Quote: BTW, I found it interesting that you took my last post to be so harsh. Methinks you may be pretty down on yourself. Don't be -- you are being very strong and compassionate. Notice that all I said really was... don't do things that hurt you, own your choices, be honest with yourself and others, choose things that you want. You aren't supposed to be perfect at this or even know how to handle it well. You haven't been through it before.
Thanks OT, I don't know if it's down on myself, or that I've always been way too critical of myself. Sometimes I do things that I think or feel are right as I'm doing them, then think about them later and find I should've/could've done them differently or better. I really appreciate your advice and don't want you to think I don't take it into consideration, because I do, as well as everyone elses. Maybe I don't want to be a "failure" to you guys!
Quote: I'm with you and GH on the confronting the SO thing. He is sending you mixed signals because he doesn't know what he wants. Crowding him on it will NOT help and is not loving. What I believe will help is giving you both emotional space.You may want to share where you are with him, though, or at least try to get it straight in your head.
I think I have things straight in my head, lol. Sometimes I try to "see" how I am towards him. It's hard. I rarely contact him - it's usually the other way around, most everything is intitiated by him. i try to look at our contact thru his eyes at times, just to try & see how he "sees" me: if I'm being aloof or distant or cold or open & friendly or whatever and, well, I don't do a very good job of that. Maybe that's why I post every little thing - just to get outsiders POV's as to what goes on between us and any different approaches, answers, etc.
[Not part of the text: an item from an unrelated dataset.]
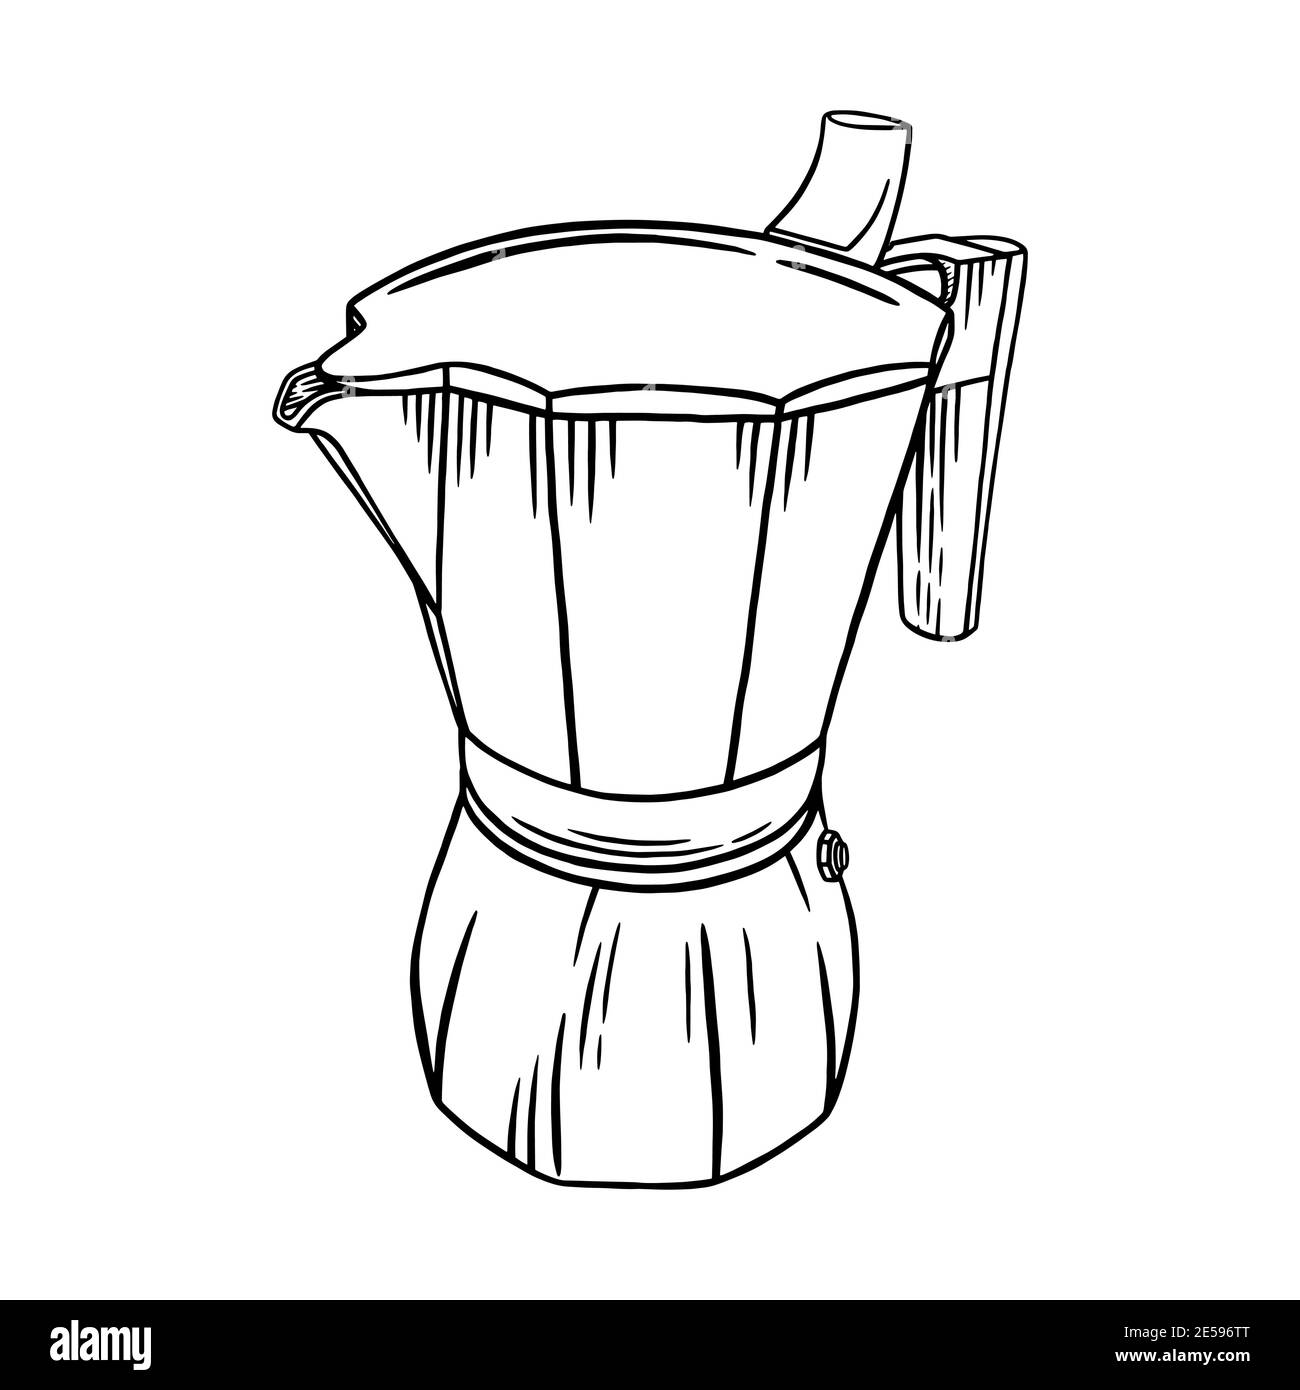 Coffee moka pot engraved illustration. Coffee brew pot isolated in white background. Black and white sketch vector illustration Stock Vector

Quote: P.S. How about a direct response to SO about why you don't text him etc..., rather than "I didn't know it was required." Gee, SO, I get confused about how to deal with your attention. I have really enjoyed spending time with you lately, and I hope we continue to do so, but in the process, I need to protect my feelings right now by maintaining some emotional space so that I can learn to have a wonderful life with you in it, not necessarily as SO.
OK - I've tried this. I think because I've been so wishy-washy lately, he doesn't completely believe me. Then there's the kids - he has no problem using them as an excuse to talk to me, lol. I usually stay away from that.
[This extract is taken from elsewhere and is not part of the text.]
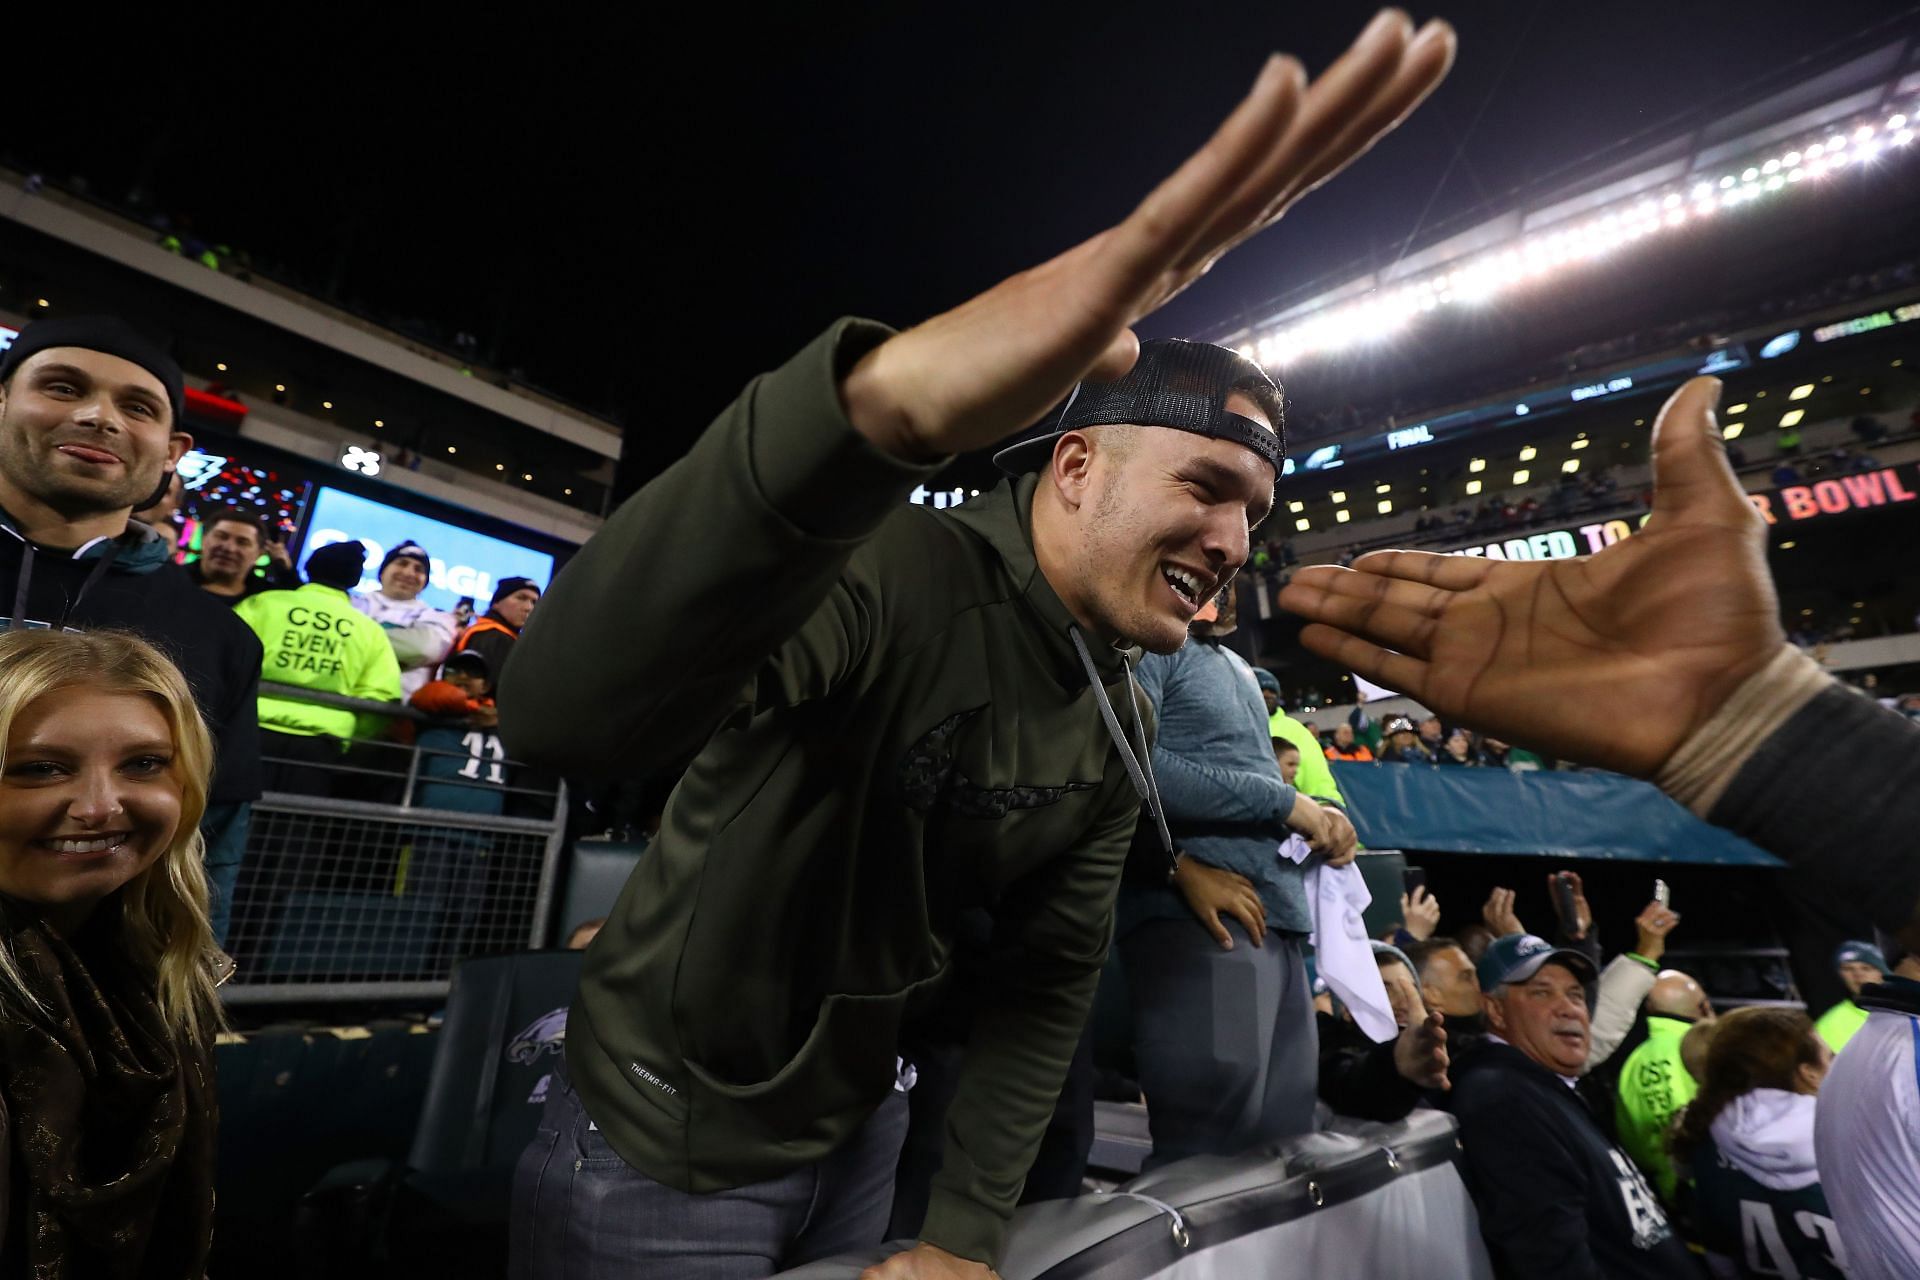 Mike Trout cheers on the Eagles

Quote: You are just in a tough place, receiving mixed signals and not doing a very good job interpreting them. None of us do.
Quote: I really like your idea of waiting, especially since you think he'll talk eventually. Let him take his time his way, and you take yours your way. The two WILL meet at some point and then you can talk in a way, and at a time, that works for both of you.
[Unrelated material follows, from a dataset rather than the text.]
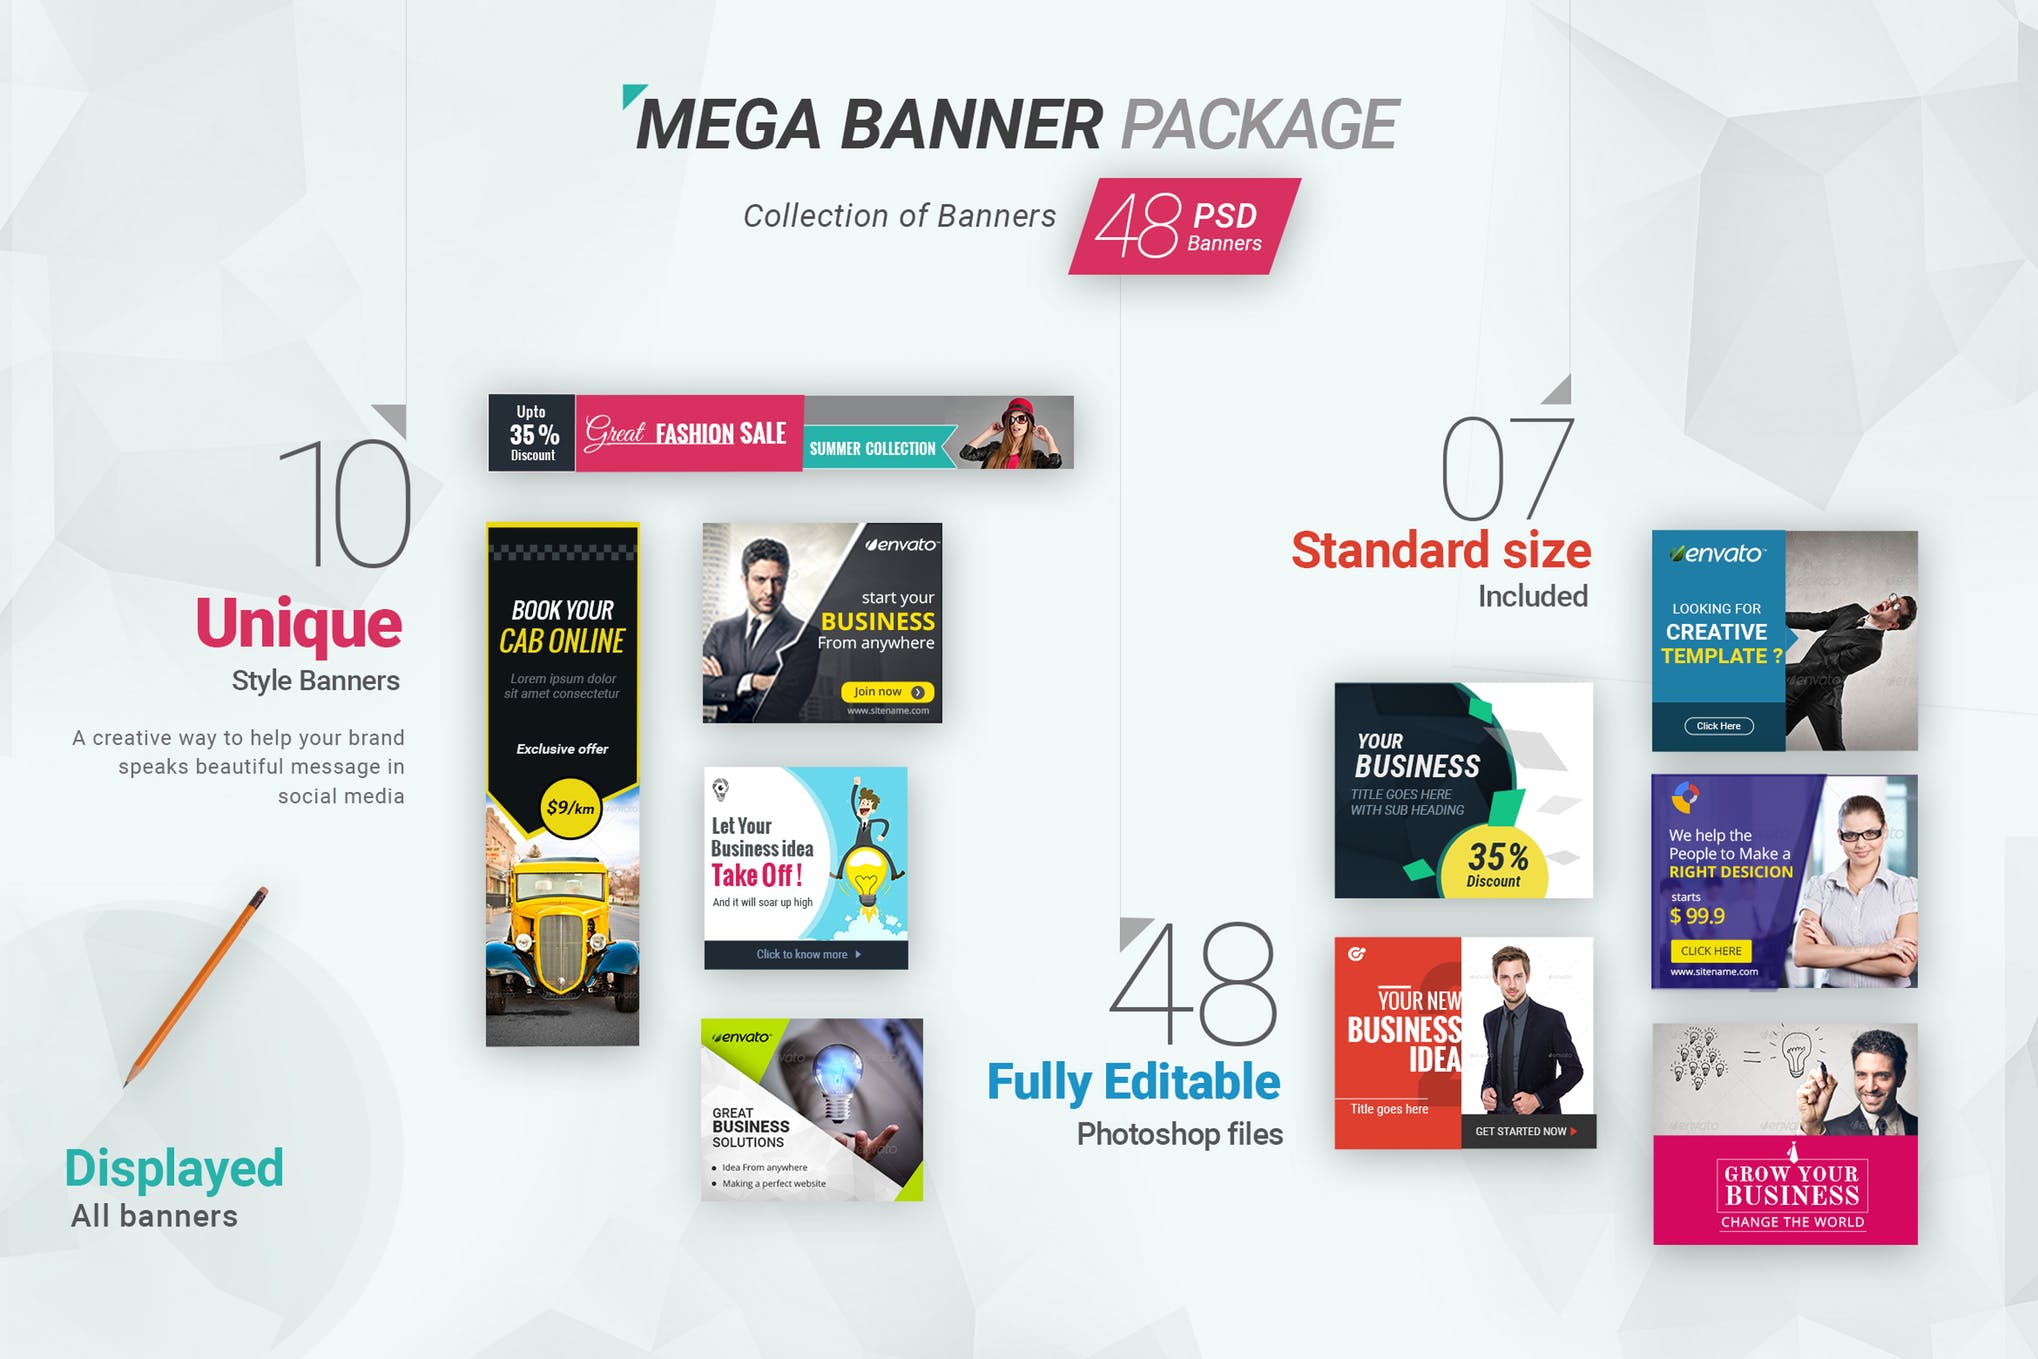 Mega Banner Package 48 PSD Banners with FULL rights

I think this is great advice, GH. I like the way you said it. Sometimes, he'll say things like He has no idea WHY I asked him moved out. Is he serious or WTH? Does he really not know?
Quote: Remaining wishy washy without clear boundaries will not help him with his confusion, nor you with living with it. But, you figured this out (Though, back off what exactly???) Or, you could put it in terms of an "I" statement...
"I" statement examples appreciated! LOL. Yes, me & MY wishy-washy"ness"....adds to his....equaling major confusion on all parts. I guess I know by stating my boundaries, it will indeed push him away - maybe for just a little while, maybe forever. That thought scares me. Perhaps a necessary evil for the long-term. No matter what the outcome.
Quote: By saying that you're still too emotionally dependent on him, all I was referencing was that you've been letting your need to feel his love get in the way of your decisions.
OH - OK, RB. Thanks for clarifying - that makes more sense to me. Thanks everyone, for your advice and comments.